* [What the task requires]
Below are entries. Give back exactly the lines from the one containing "Coloritmo #41 (1959) - Alejandro Otero" through the one containing "Yamaha YAS-306 MusicCast", inclusive, without the pictures.

* [Dataset excerpts]
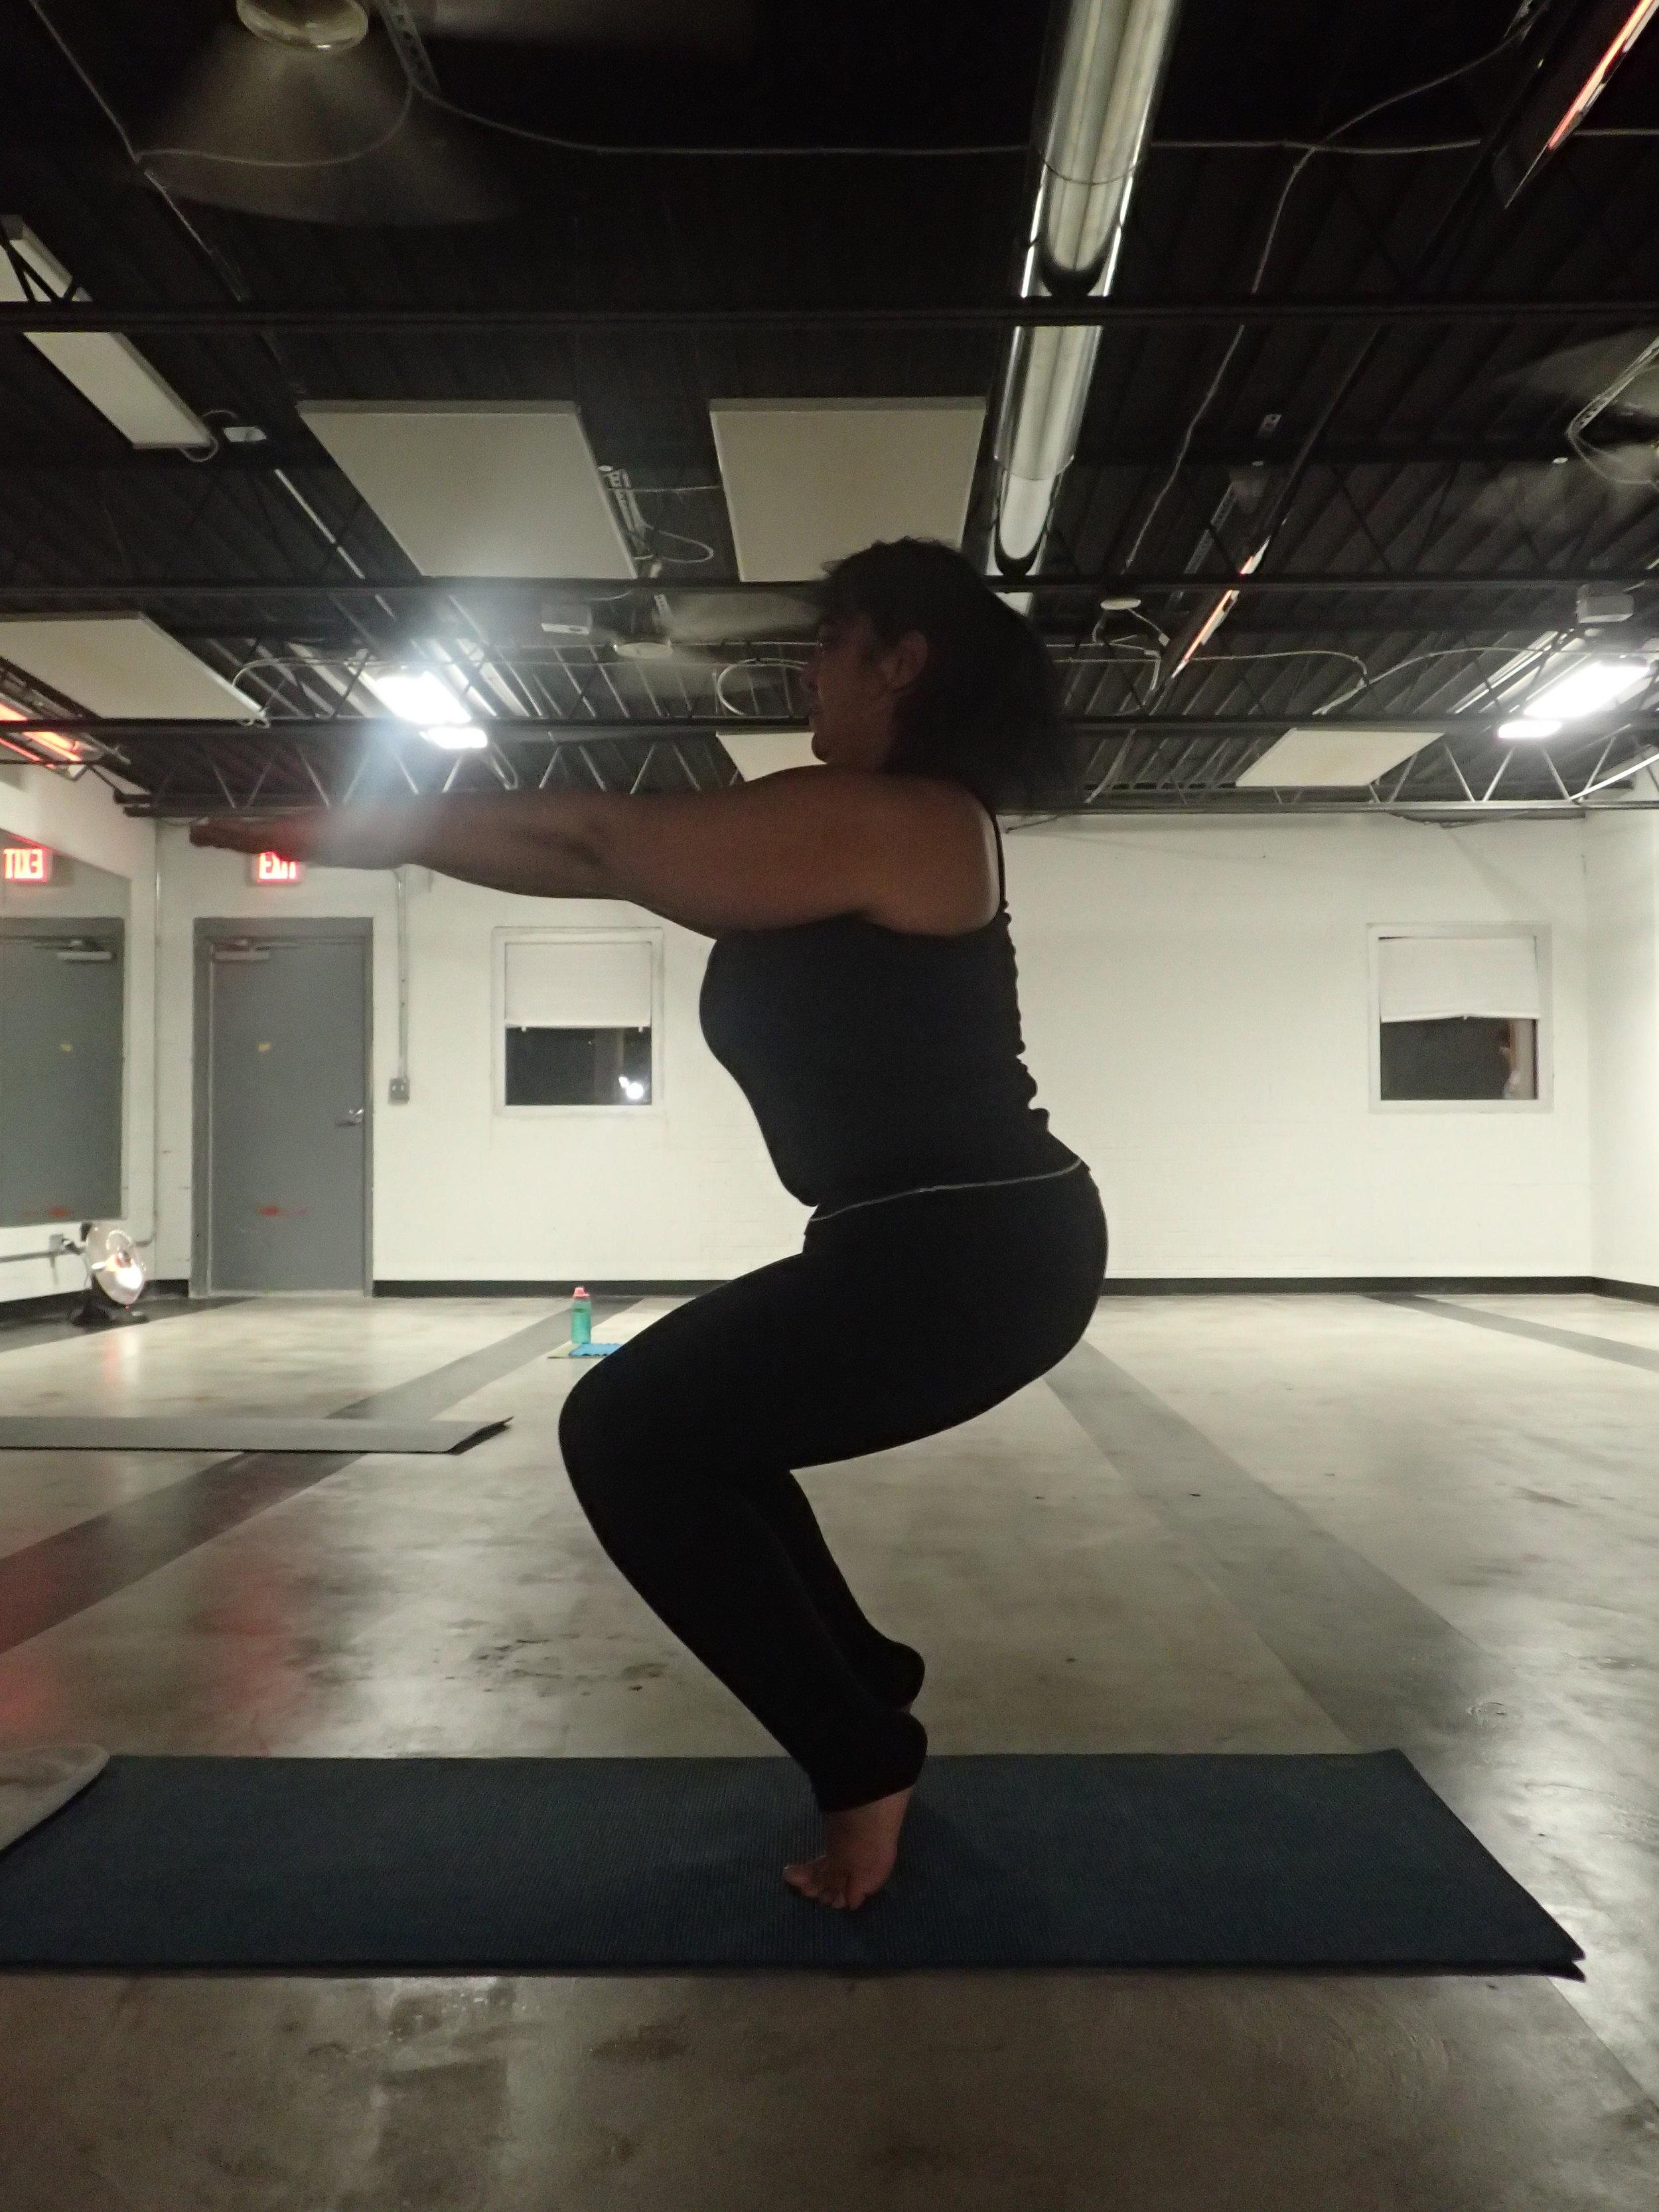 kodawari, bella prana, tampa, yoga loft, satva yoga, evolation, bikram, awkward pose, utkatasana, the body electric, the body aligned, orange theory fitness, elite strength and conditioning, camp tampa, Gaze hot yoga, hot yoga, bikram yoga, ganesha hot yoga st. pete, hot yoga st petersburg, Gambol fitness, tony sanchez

--

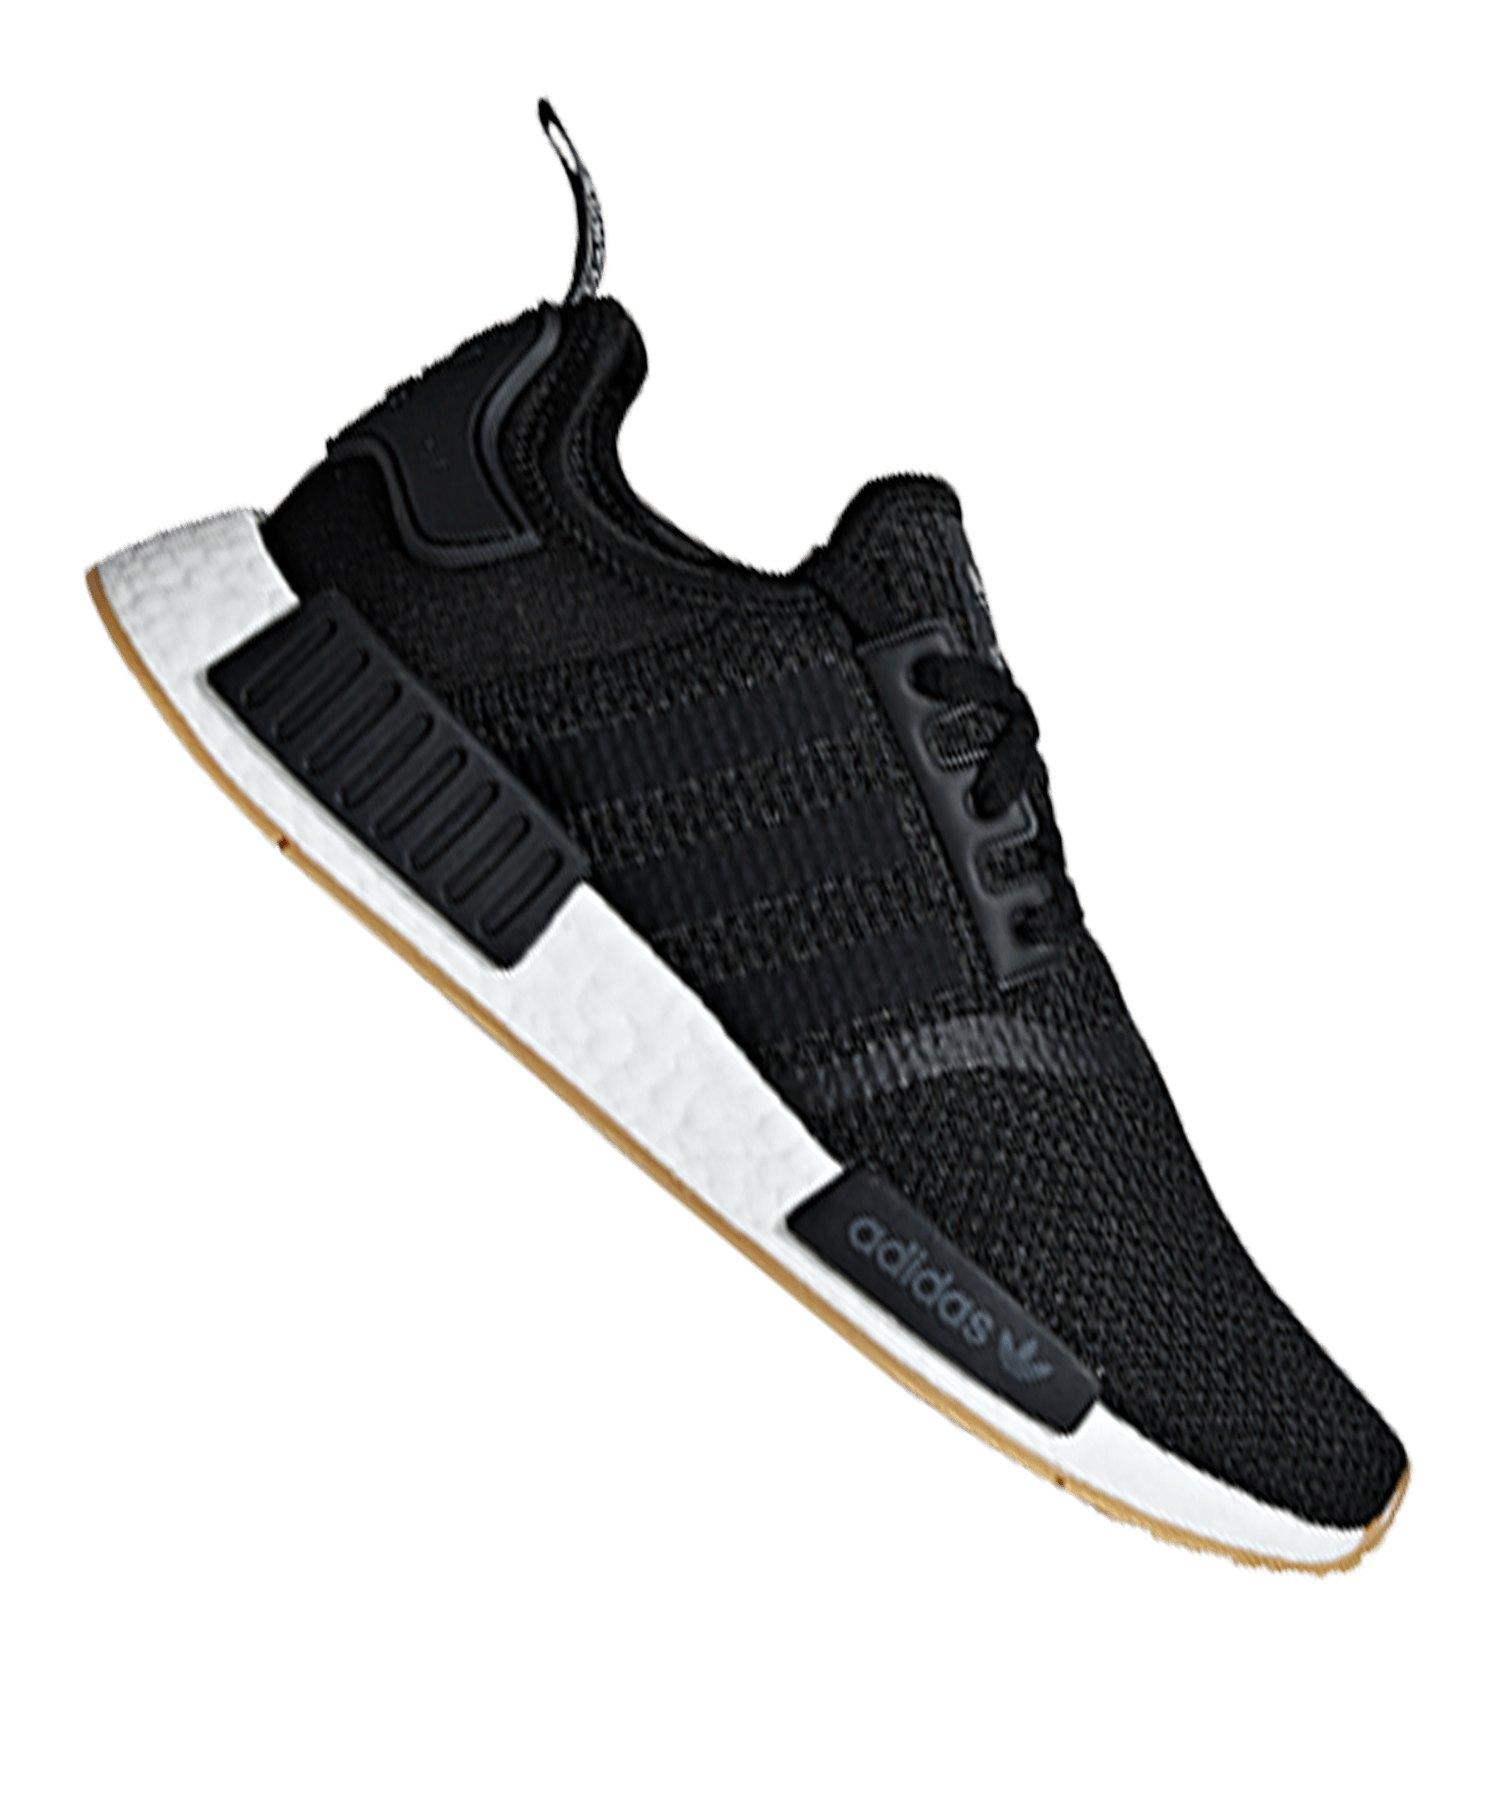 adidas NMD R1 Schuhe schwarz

--

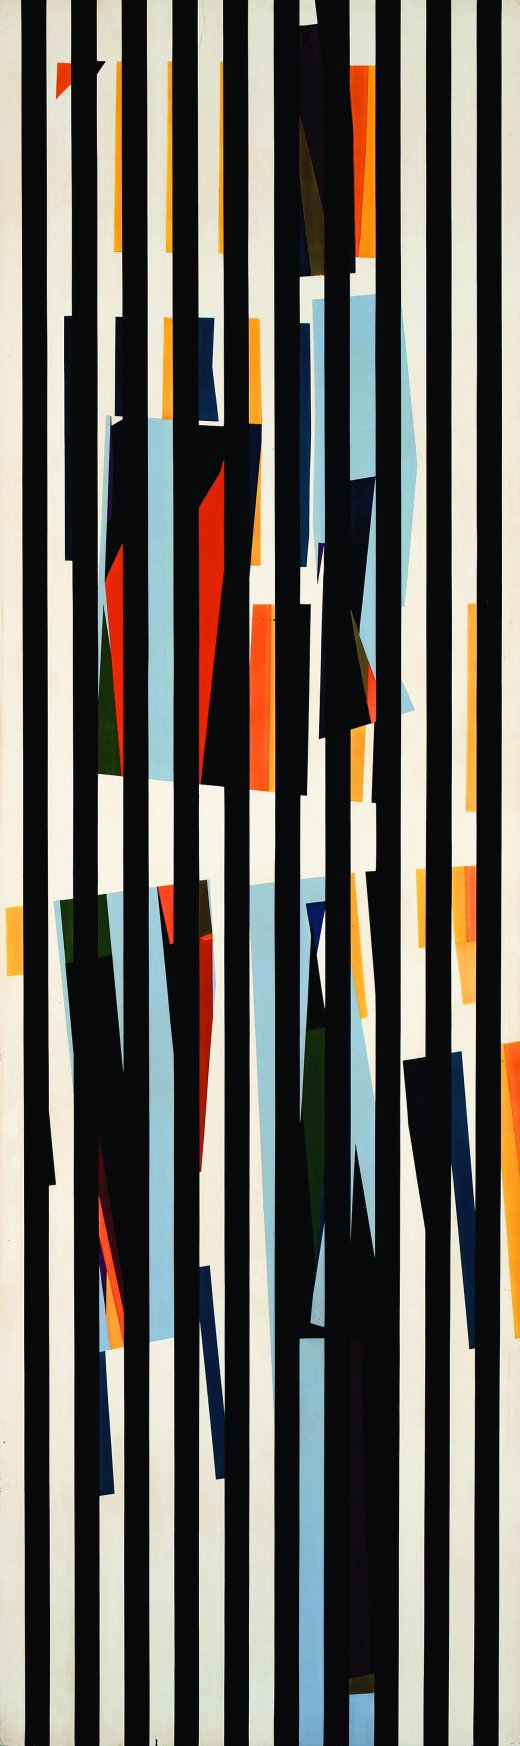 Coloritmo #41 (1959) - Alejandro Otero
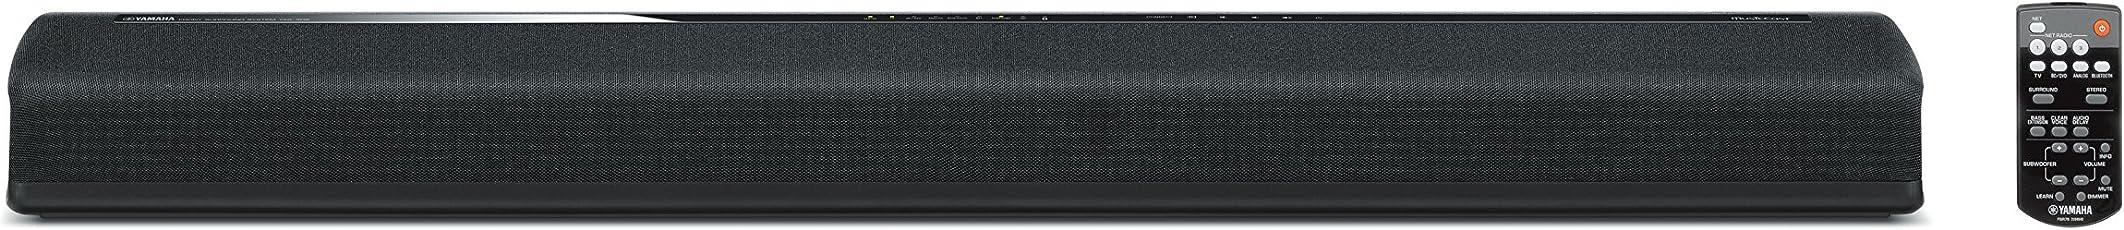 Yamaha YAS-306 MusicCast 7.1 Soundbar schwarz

* [Expected answer]
 Coloritmo #41 (1959) - Alejandro Otero
 Yamaha YAS-306 MusicCast 7.1 Soundbar schwarz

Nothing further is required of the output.